VJ: We regularly work with scientists on their particular research needs. If the desired assay doesn't exist in our product line, we offer custom assay development tailored to the researcher’s goals. At times, these custom assays end up becoming a part of our growing portfolio so other labs can also use them in the future. In other cases, we enter into an exclusive agreement with the client. Either way, we do our best to help labs advance their research.

Immunoassay protocols need to be thoroughly optimized to suit the lab’s specific application and sample type.
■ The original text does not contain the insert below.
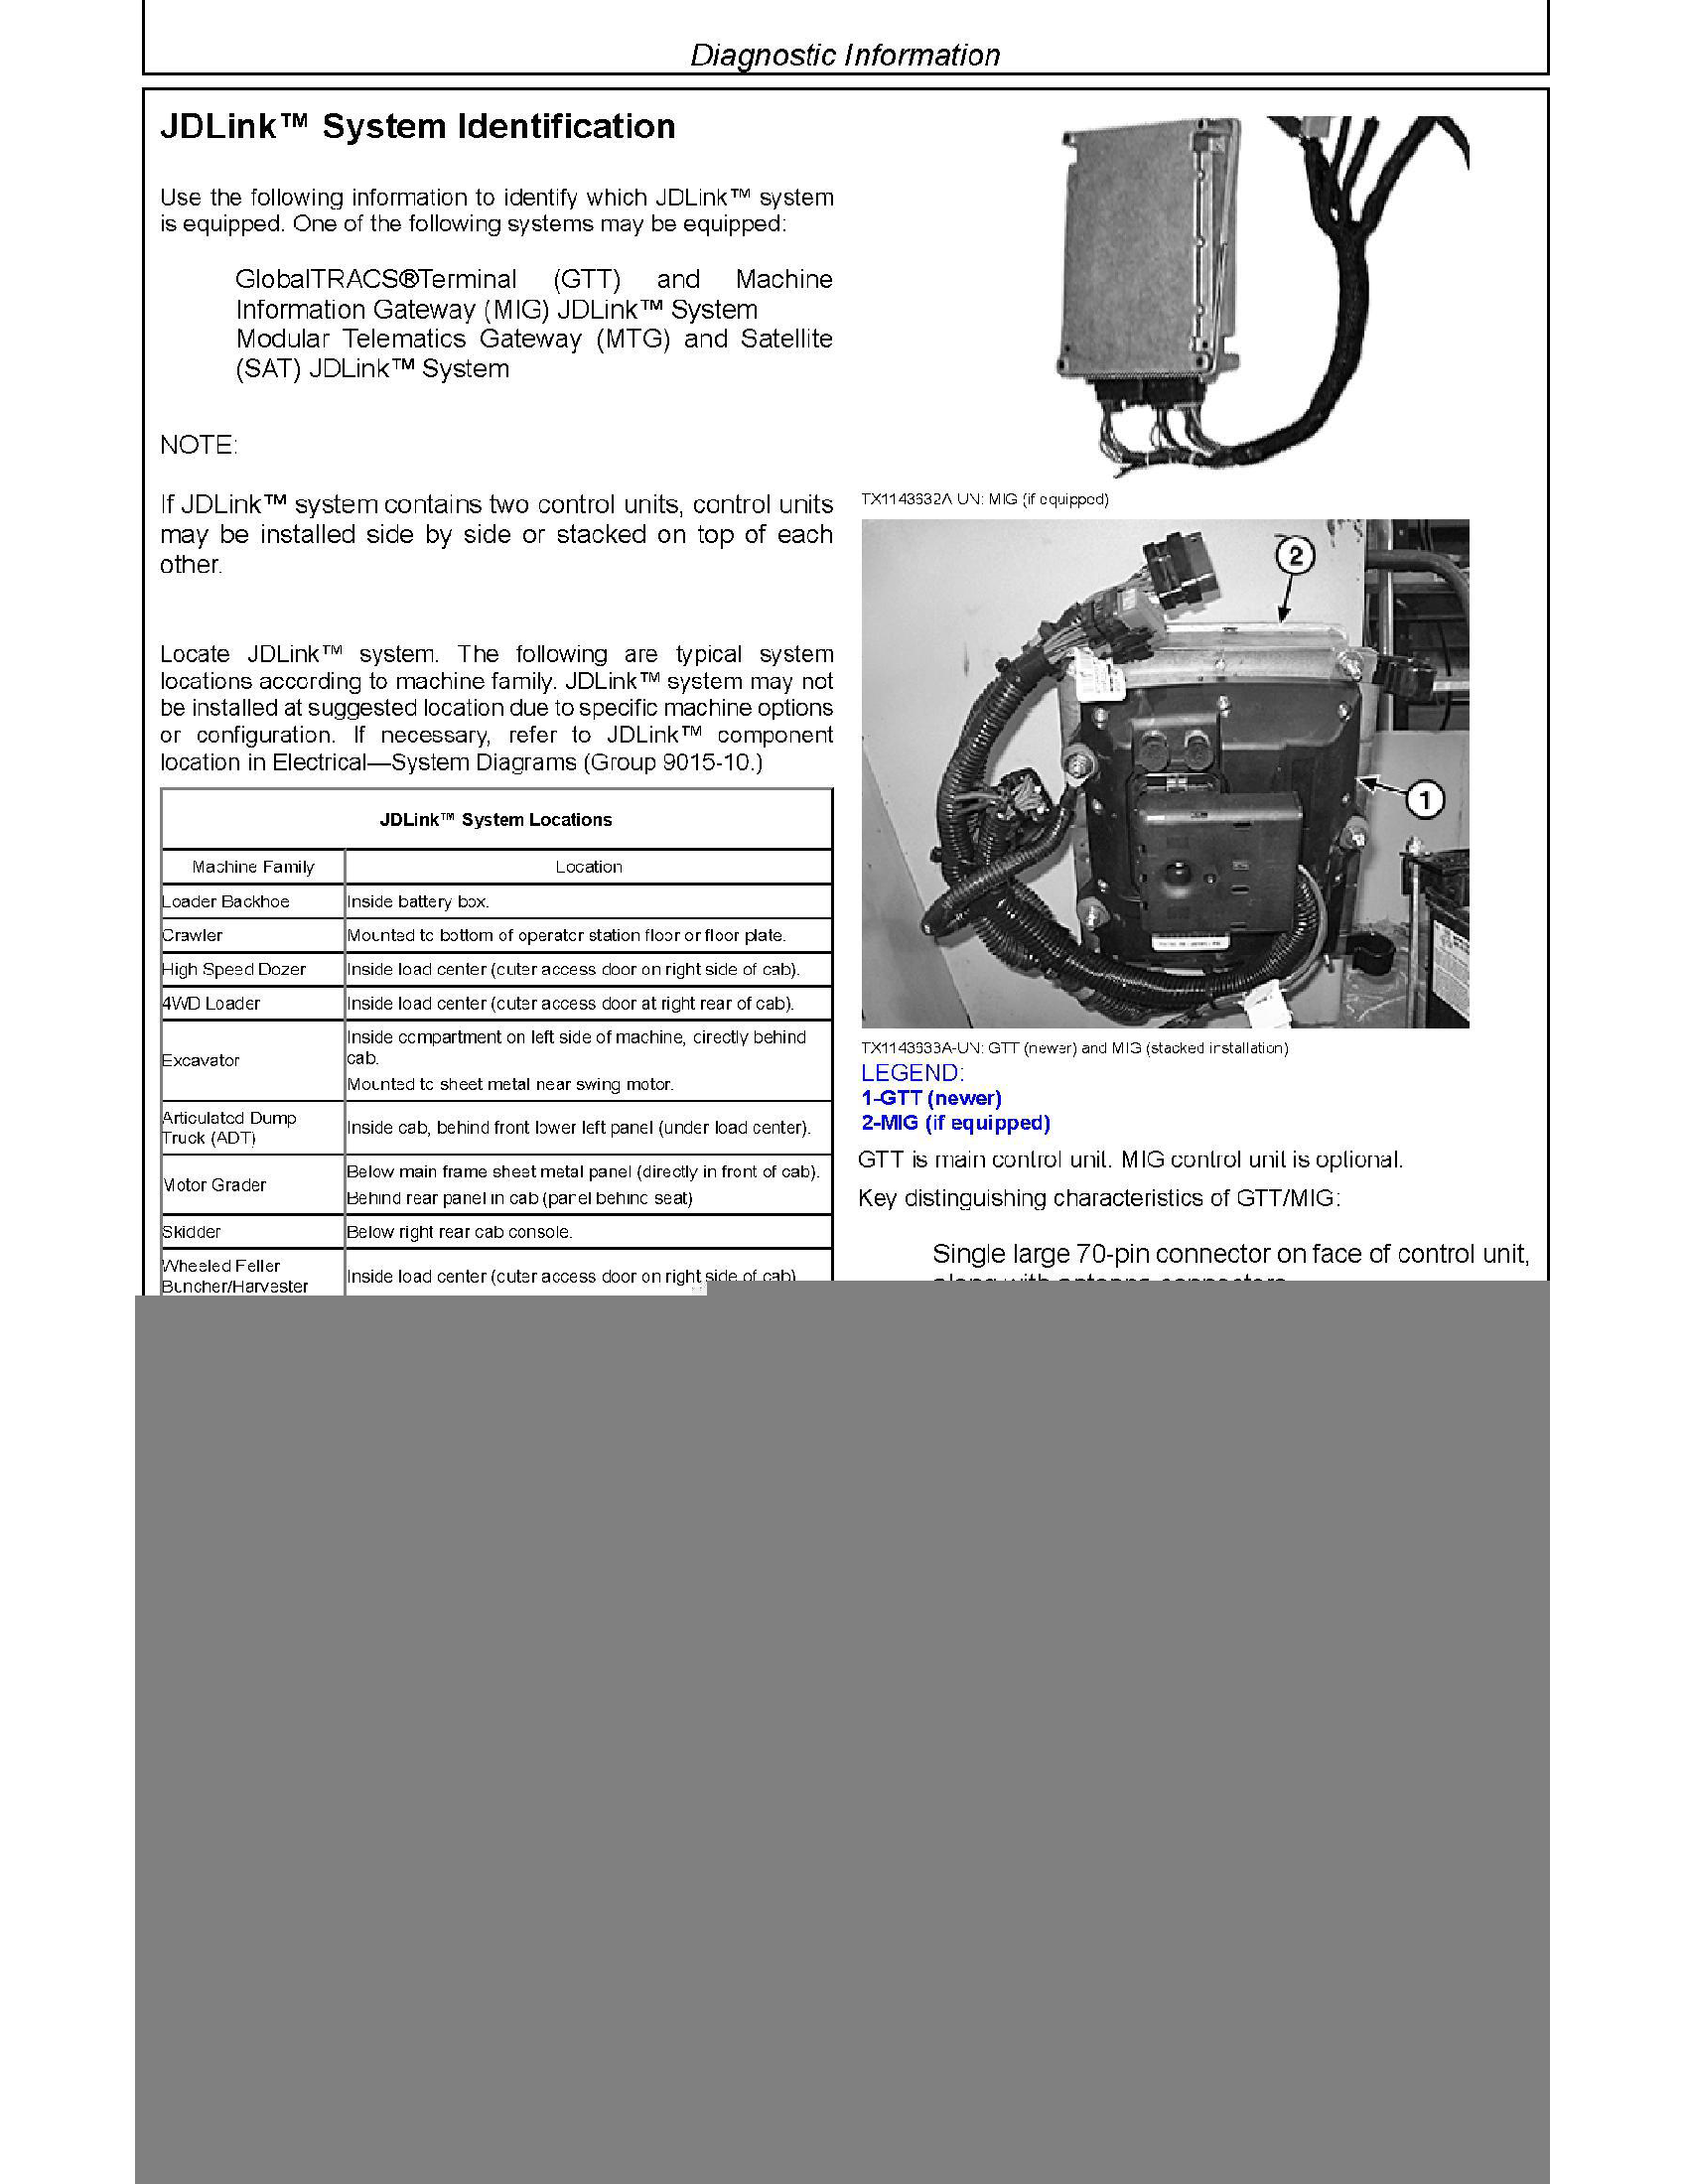 John Deere 35G manual pdf

How can researchers ensure optimum performance, especially if they’re new to ultrasensitive methods?

VJ: When implementing a new ultrasensitive immunoassay, it helps to shorten the learning curve by seeking support and training from technology providers. We assist all our customers on both the front-end and back-end of their research projects. Scientists consult with our in-house specialists on the experimental design and planning phases to make the most of their samples while staying within budget. We talk through all the different options available before they begin experiments.

On the other end, in the post-experiment phase, we offer assistance with data interpretation, data analysis, bioinformatics, biostatistics, and even protocol troubleshooting if optimal results aren’t being observed. Typically, we offer phone consultations, email, and live chat support, but on many occasions, we’ve also gone to research labs to provide in-person, hands-on support when necessary.

What’s next for ultrasensitive ELISA assays? Are there novel methods or unique protein assays being added in the future?

VJ: We are always on the hunt for superior, high-sensitivity platforms as well as better proteomic assays. Our focus is on precision sensitivity, ease of use, and high molecular content, and we’re continually trying to improve on all these aspects by adding more kits and services to our portfolio.